4. Model-Model Implementasi Kebijakan
Memperhatikan beberapa pengertian implementasi kebijakan seperti yang diuraikan di atas, untuk mempermudah analisis bagaimana implementasi kebijakan Keputusan Menteri Agama Nomor 516 Tahun 2003 oleh Penyuluh Agama Fungsional di Kantor Kementrian Agama Kota Bandar Lampung, maka diperlukan suatu model implementasi. Dalam kajian kebijakan sosial, model dibuat untuk menjelaskan proses, karakteristik, mekanisme, serta menentukan strategi-strategi kebijakan sosial.
Pada prinsipnya terdapat dua model implementasi kebijakan, yaitu yang pertama, implementasi kebijakan yang berpola ”dari atas ke bawah” (top-bottomer), yakni berupa pola yang dikerjakan pemerintah untuk rakyat, dimana partisipasi lebih berbentuk mobilisasi. Kedua, yaitu implementasi kebijakan yang berpola dari ” bawah ke atas” (bottom-topper), yakni meski kebijakan dibuat oleh pemerintah, namun pelaksananya oleh rakyat.

a.
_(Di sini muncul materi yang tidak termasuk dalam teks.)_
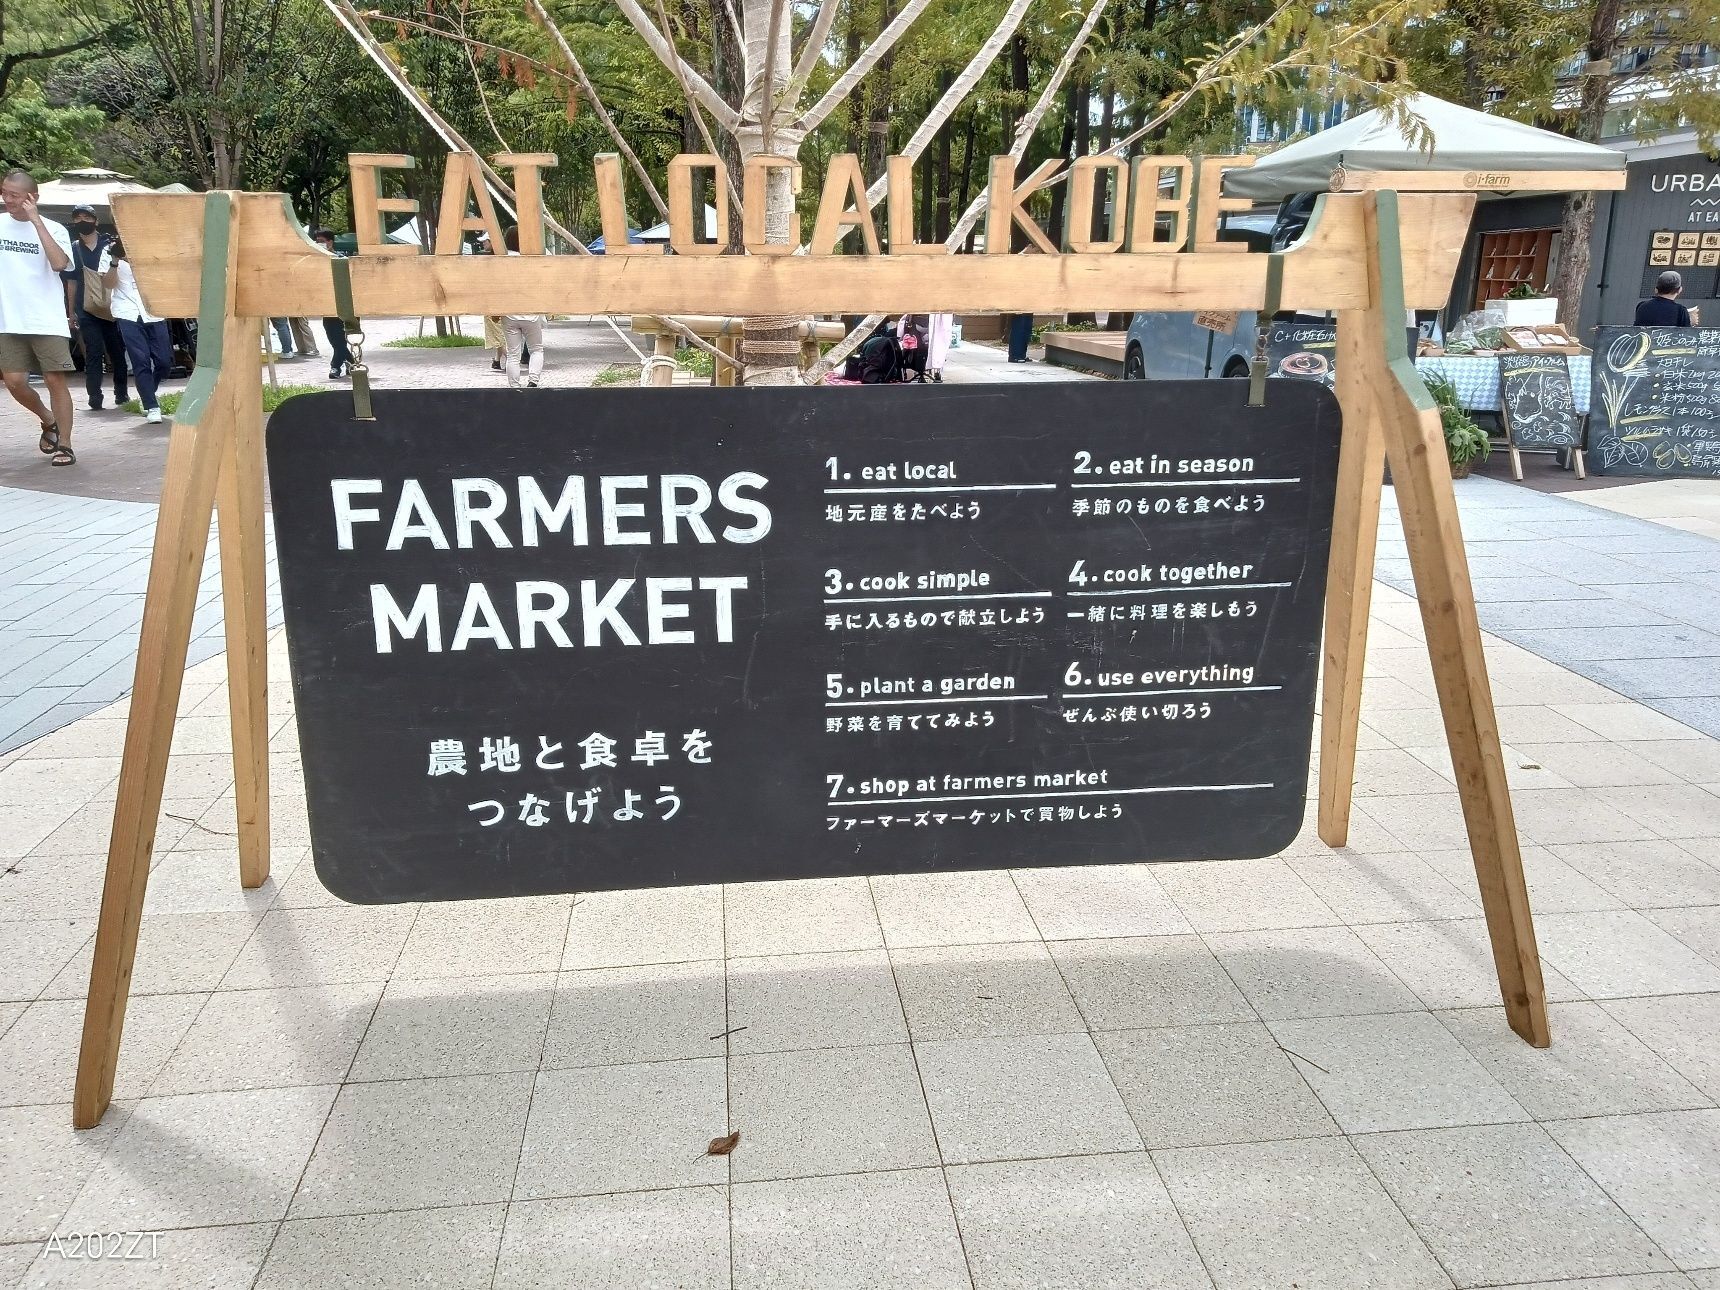 morning break Farmers market @東遊園地『coq1f』

Model Implementasi  Donald Van Meter dengan Carl Van Horn (1975)
            Model ini adalah yang paling klasik, dengan mengandaikan bahwa implementasi kebijakan berjalan secara linear dari kebijakan publik, implementor dan kinerja kebijakan publik. Proses implementasi merupakan suatu abstraksi atau performansi suatu implementasi kebijakan yang pada dasarnya secara sengaja dilakukan untuk meraih kinerja implementasi kebijakan publik yang tinggi yang berlangsung dalam hubungan berbagai variabel.
Beberapa variabel yang dimasukan sebagai variabel yang mempengaruhi kebijakan publik (Nugroho, 2008: 438) adalah:
1)      Aktivitas implementasi dan komunikasi antar organisasi.
2)      Karakteristik dari agen pelaksana/implementor.
3)      Kondisi ekonomi, sosial dan politik.
4)      Kecenderungan dari pelaksana/implementor.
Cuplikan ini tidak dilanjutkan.